Teringie is a suburb of Adelaide in South Australia. It occupies a commanding position in the Adelaide Hills and overlooks the plains on which most of the city is built. Teringie's small number of houses (less than 100 in total) are mostly large, bush-covered blocks. The suburb is steadily growing with new houses popping up continually.

A large portion of the land was originally owned by RM Williams, remains of his original brick factory still form part of a residential property on Norton Summit Road, the now subdivided blocks still owned by descendants of RM Williams.

Other previous notable residents include:

Giuseppe Capogreco arrived in Australia in 1955 from Italy and purchased a parcel of land in Teringie for his wine making ventures. Capogreco's wines were initially produced for distribution within the local community, but as word of mouth spread over the years, the wine's reputation spread far and wide, and supply succumbed to the limits of production.
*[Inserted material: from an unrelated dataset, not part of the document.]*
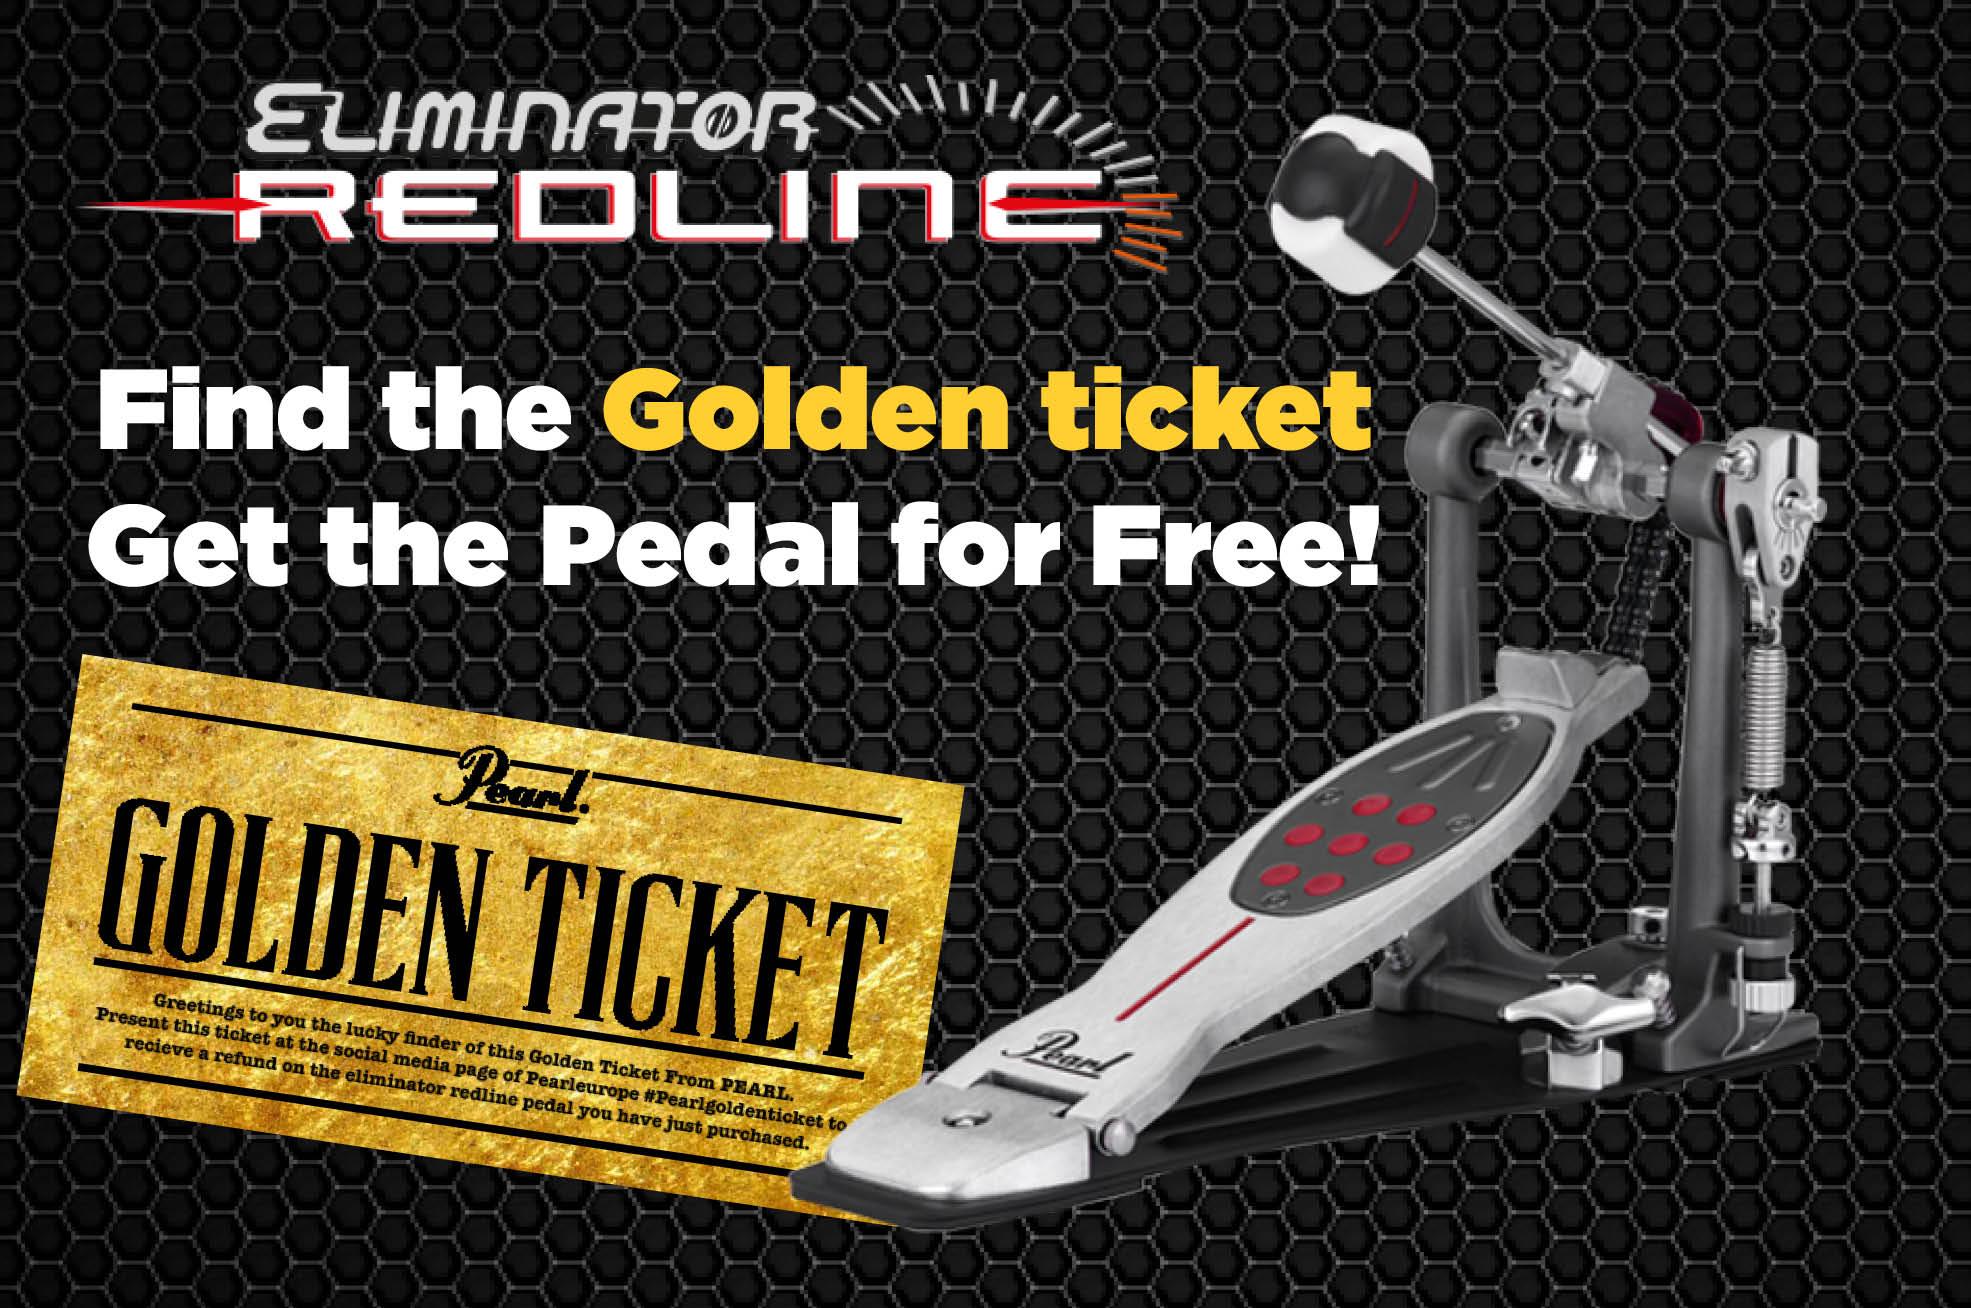 Pearl Eliminator Golden Ticket

Vineyards are still present and operating in the area today under the Teringie Estate Wines banner which has branched as far as China.
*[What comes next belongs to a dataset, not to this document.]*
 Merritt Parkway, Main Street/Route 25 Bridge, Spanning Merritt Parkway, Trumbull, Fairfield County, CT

Harry Clisby – an engineer whose designs inspired Ferrari and assisted Jack Brabham's Formula One success. Mr Clisby built a large medieval castle style residence which included a miniature railway, almost rollercoaster. Mr Clisby built most of the residence himself which took over 15 years to complete.

Teringie was originally a private subdivision. The name was approved in 1978 by the Geographical Names Board in lieu of the original proposal of Teringie Heights following the stated preference of the local council. The name is of Aboriginal origin meaning place of beautiful birds.

The western end of the suburb comprises some higher density housing with still most residences being large and situated on larger than average land parcels. The further eastern part comprises mostly the larger bushland covered blocks some of which run into the large valleys.

The suburb is bordered to the north by Morialta Conservation Park and the south by suburbs, Norton Summit, Horsnell Gully, Skye and Auldana.

The notable power lines running overhead have created some controversy as some believe that they are detrimental to health.

Teringie is serviced by the East Torrens CFS – Ashton brigade.

A wealth of wildlife exists close by: koalas, kangaroos, possums, echidnas, and a great variety of birdlife including yellow-tail and red-tail black cockatoos.